In Battle Against Soaring Inflation, Fed Chief Powell Is Out-to-Lunch

In Federal Reserve Chairman Jerome Powell’s June 15 press conference, it was very clear that Powell and his leadership team were asleep at the switch in 2021 and for several months in 2022. No one woke up until the release of May’s consumer price data, which showed a shocking 8.6% jump in inflation. Fed leaders finally decided they needed to act and hiked the fed funds rate by 75 basis point, the biggest increase in 28 years.
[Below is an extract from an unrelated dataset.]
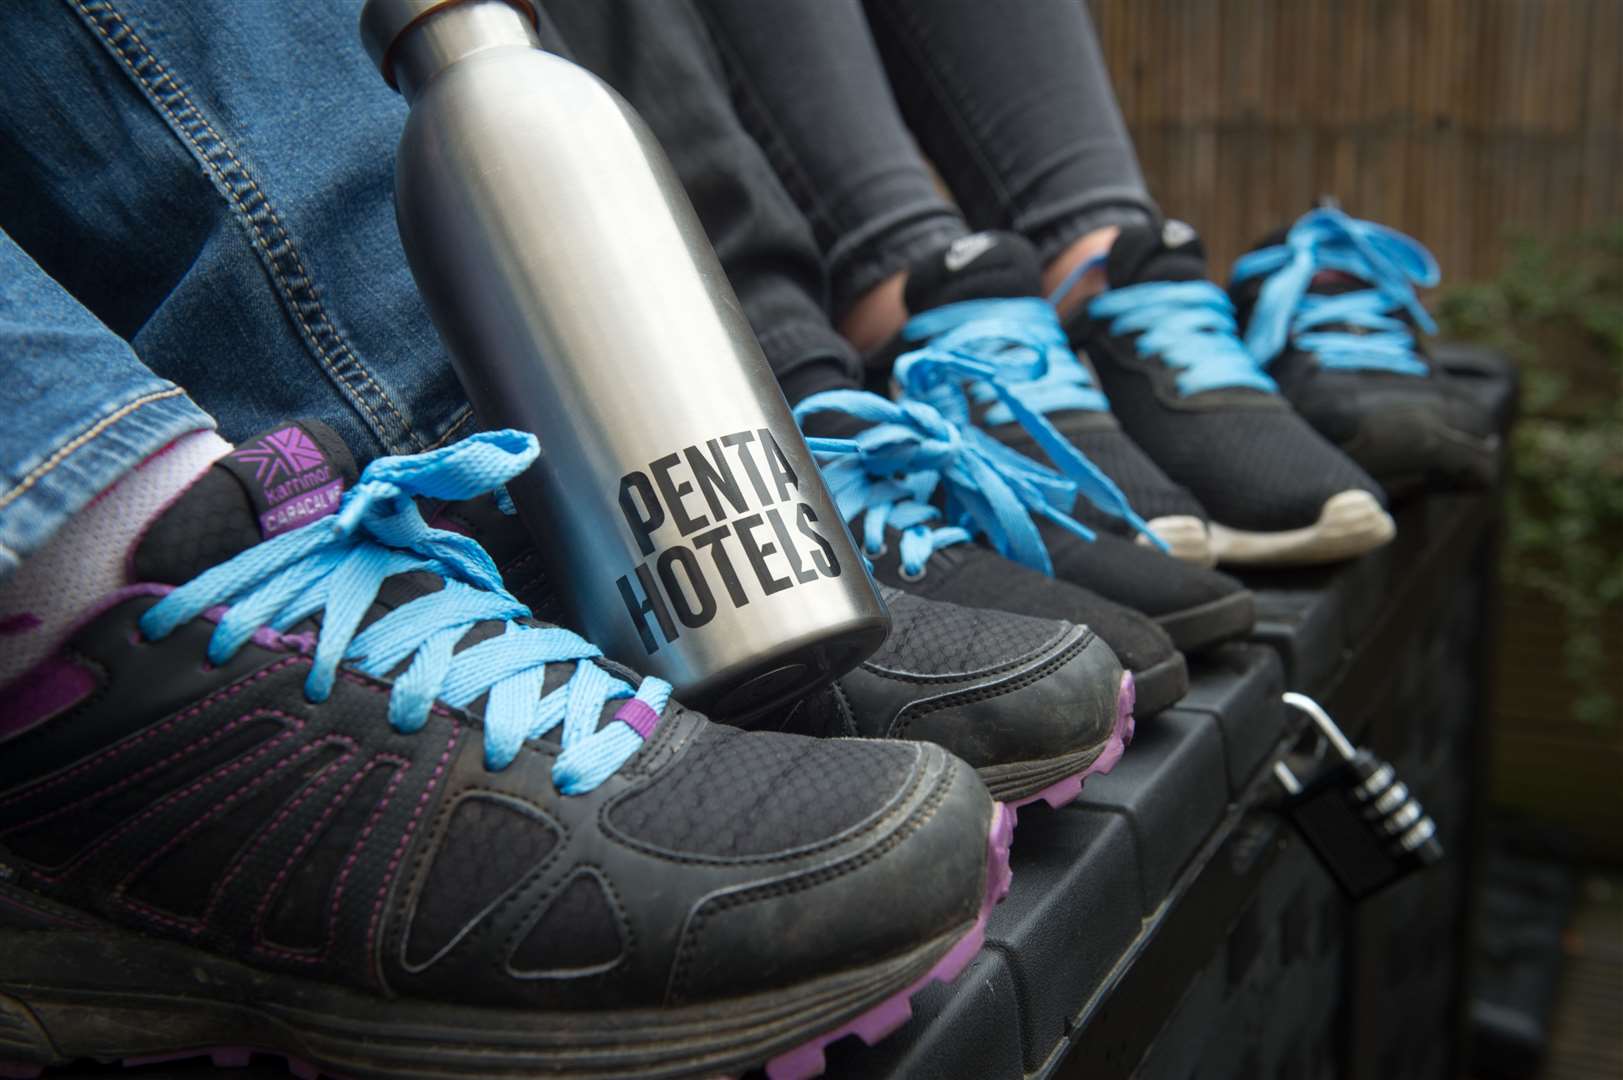 Penta Hotels staff had blue shoe laces and special water bottles.
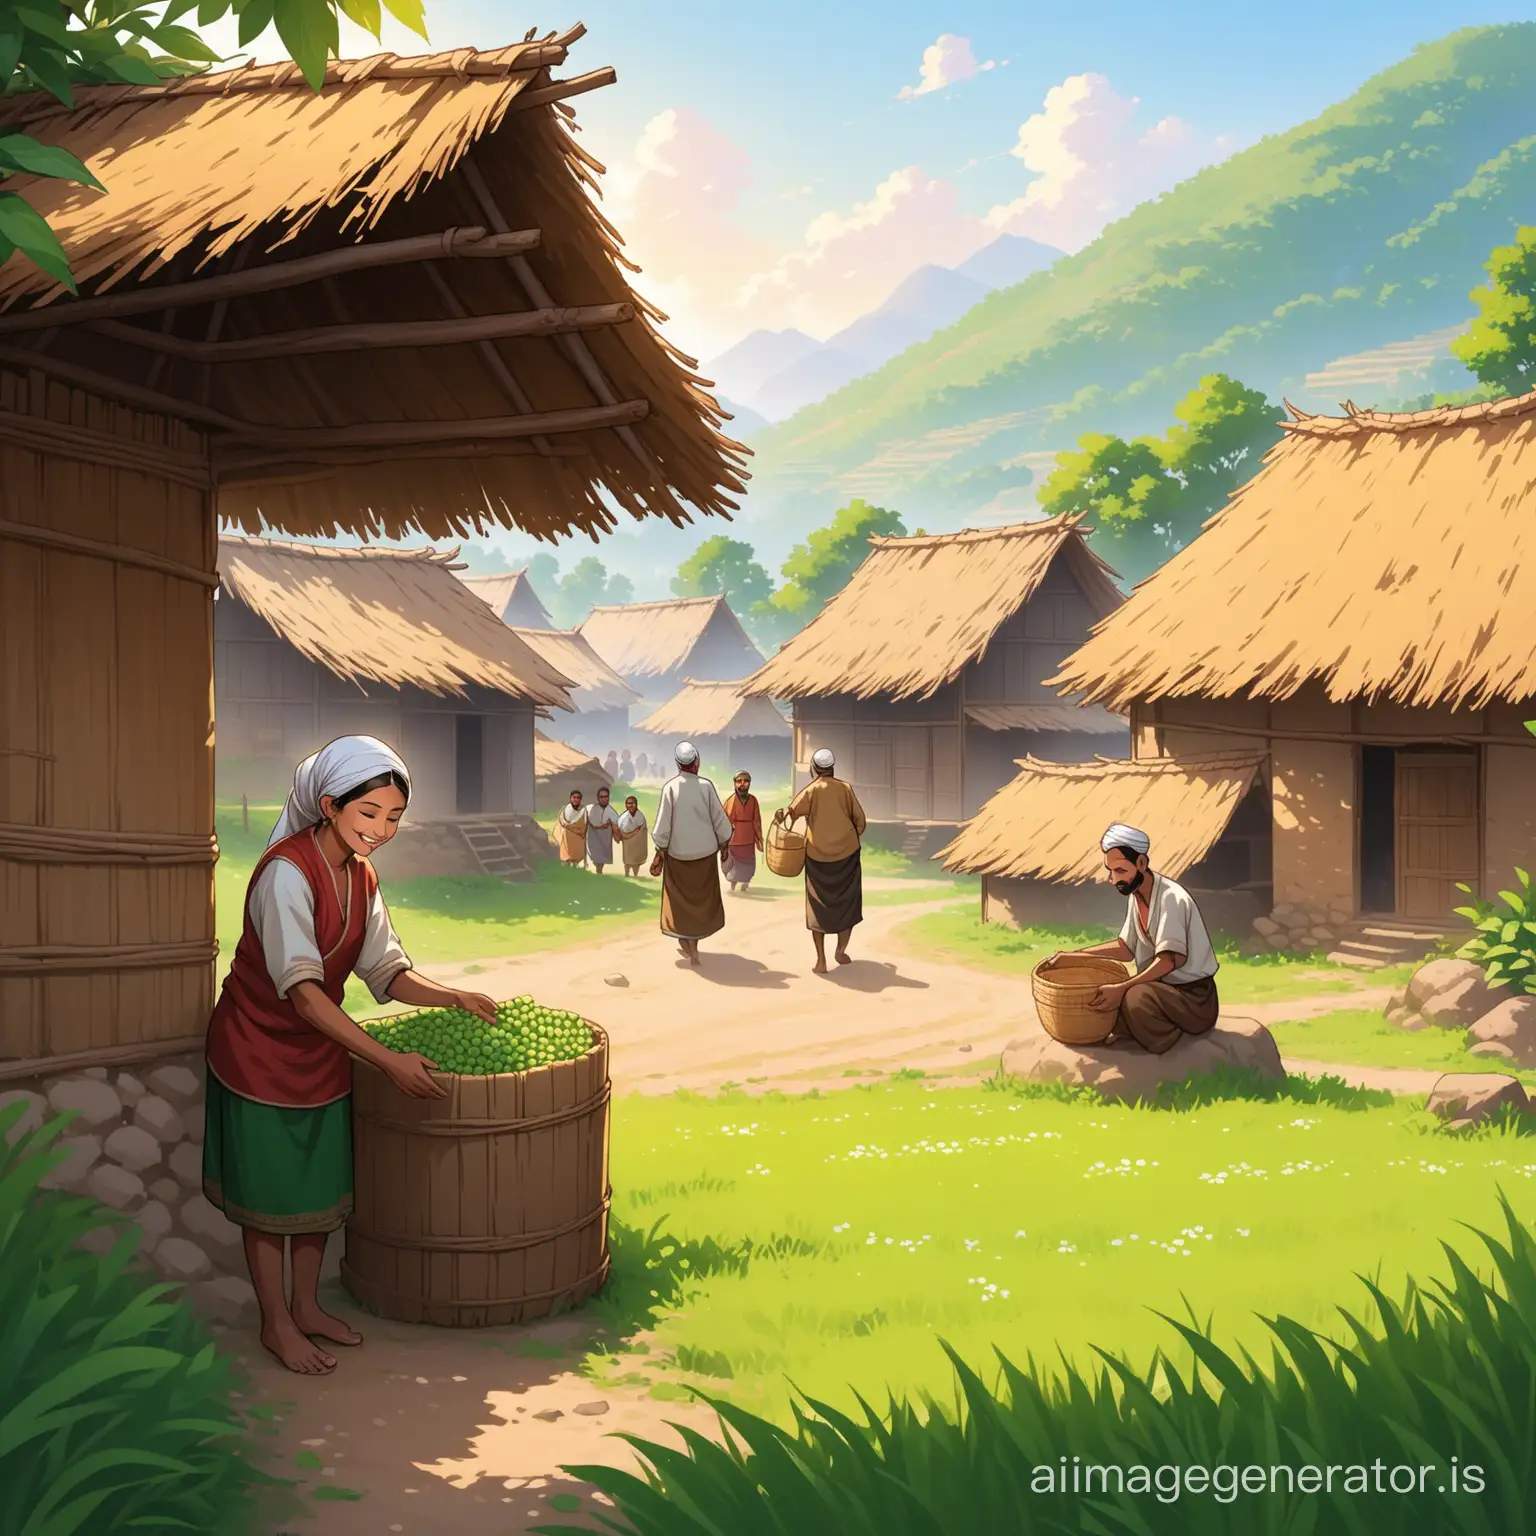 Through interactions with the villagers and experiencing the simple joys of village life, the merchant discovers the true wealth of the community lies in its spirit of kindness and connection with nature.

In an October 12, 2021 talk, Fed Vice Chair Richard Clarida said: “But I continue to believe that the underlying rate inflation in the U.S. economy is hovering close to our 2% longer-run objective and, thus, that the unwelcome surge in inflation this year, once these relative price adjustments are complete and bottlenecks have unclogged, will in the end prove to be largely transitory.”

He almost certainly knew better than that, but he was speaking for his boss.

Clarida also commented: “As Chair Powell has indicated, if we did see indicators of inflation expectations moving up and running persistently above levels consistent with our price stability mandate, monetary policy would react to that. But that is not the case at present.”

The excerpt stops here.